Les pensionnaires sont hébergés dans des chambres, au 1er étage pour
les hommes et au second pour les femmes . Toutes les chambres sont
de 4 à 6 lits et 2 lavabos par chambre.
L’esprit général peut être résumé par « le pensionnaire doit être le
plus indépendant possible, il doit aller chercher ses soins de
rééducation »
Il reviendra aussi au pensionnaire de faire son lit chaque matin.
Les soins d’hygiène sont assurés par les femmes de chambre qui , à cette époque
sont aussi femmes à tout faire : entre 2 coups de balai, elles assurent donc les
soins de nursing, la préparation et la distribution des médicaments, l’aide aux
repas ,et les soins de rééducation sphinctérienne ( suppo et doigtiers évacuateurs
)
Les infirmières , alors au nombre de 5 pour assurer la permanence 24h
sur 24 ,travaillent sous la responsabilité directe du médecin ;
l’infirmerie est située au rez de chaussée, à proximité du plateau
technique et de même que les pensionnaires doivent se rendre sur
celui-ci pour la kiné ou l’ergo, ils doivent venir , chacun à leur tour à
l’infirmerie, pour leur soins : c’est donc toute la journée une file de
patients en attente pour leur prise de sang, leur pansement, ou leur
lavage de vessie ; le matériel de soins est surtout en verre ou en inox,
nettoyé, décontaminé et stérilisé dans un bon vieux poupinel.

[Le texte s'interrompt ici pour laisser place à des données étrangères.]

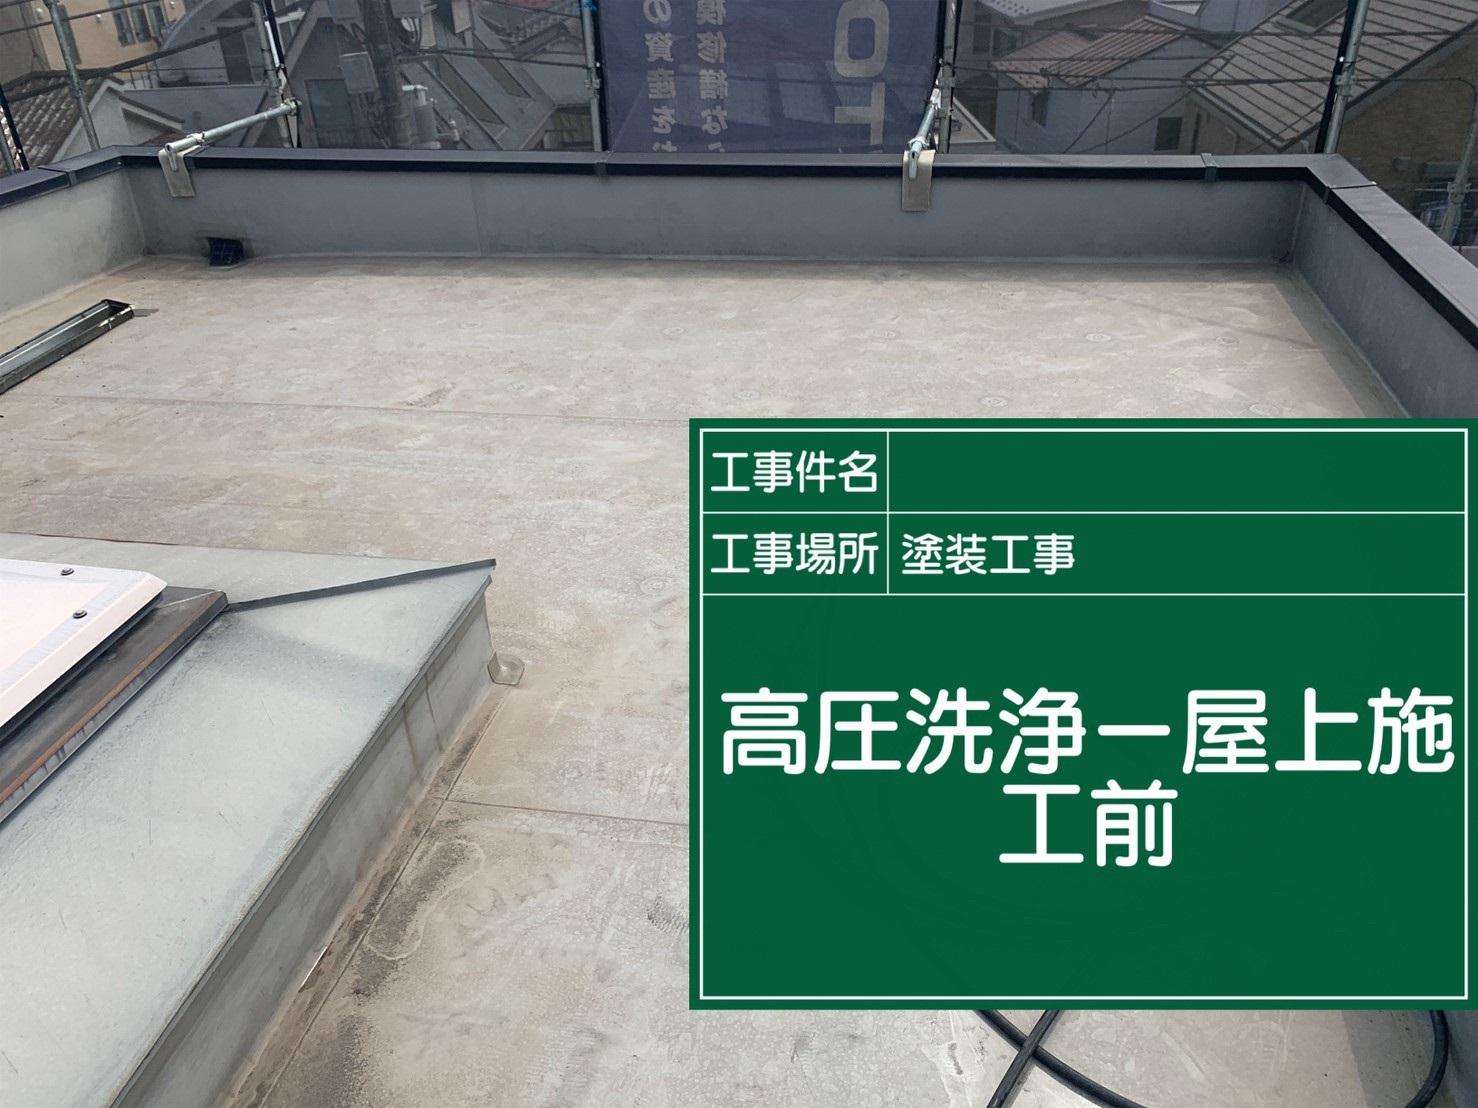 【屋上】①施工前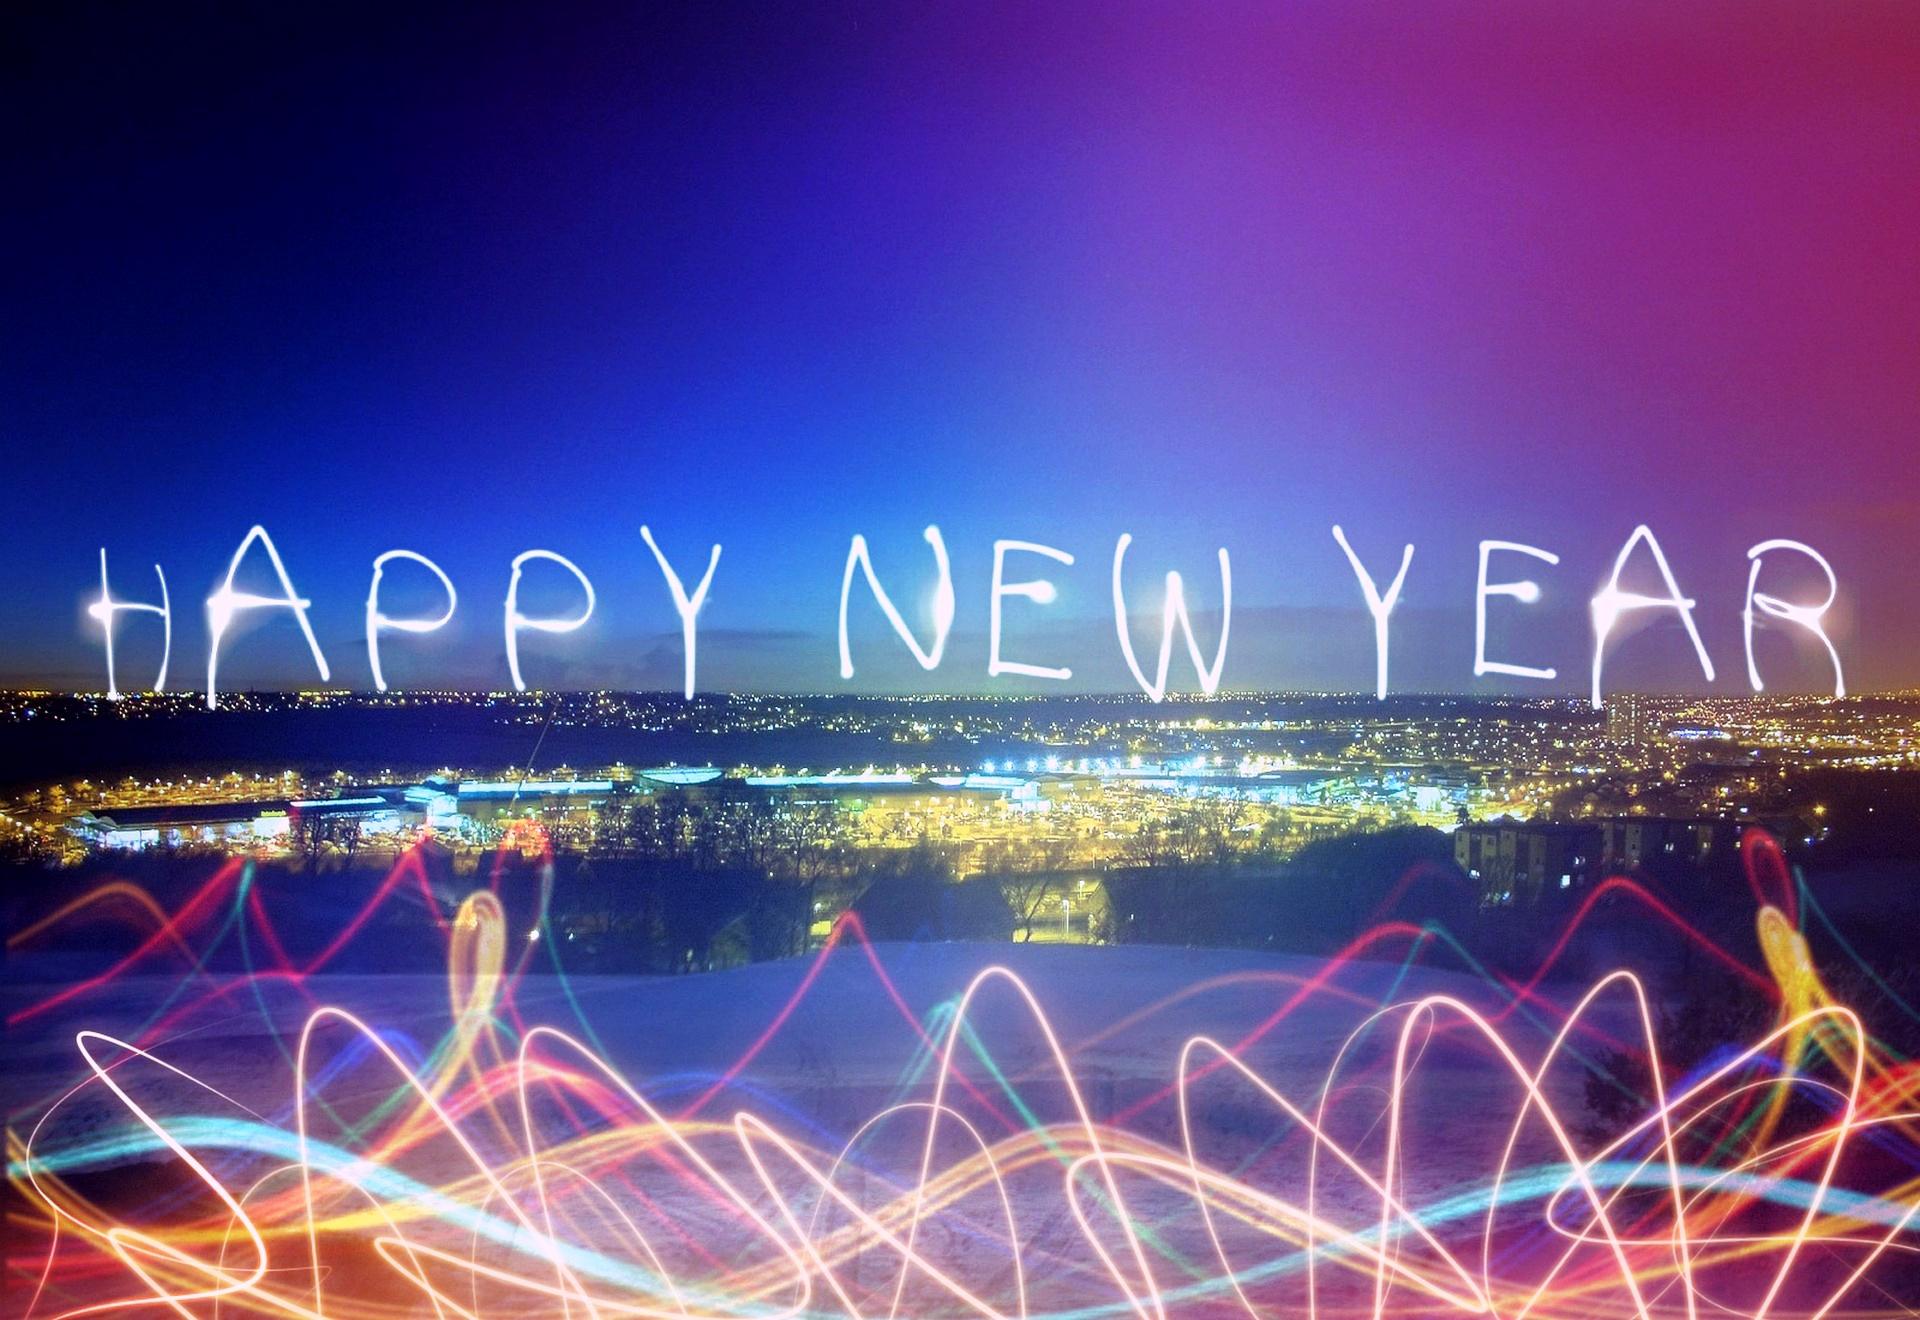 Neujahrswünsche – Geschäftlich Und Mit Persönlicher Note ganzes Neujahrsgrußkarten Kostenlos

A charleville, la maternité se situant en face du centre de rééducation, les
infirmières peuvent aussi appliquer la technique du placenta frais pour le
traitement des escarres :dès qu’un accouchement avait eu lieu, le chauffeur du
centre allait récupérer le placenta , transportait celui-ci dans une poissonnière,
afin qu’il puisse être appliqué par les infirmières sur les plaies d’escarre.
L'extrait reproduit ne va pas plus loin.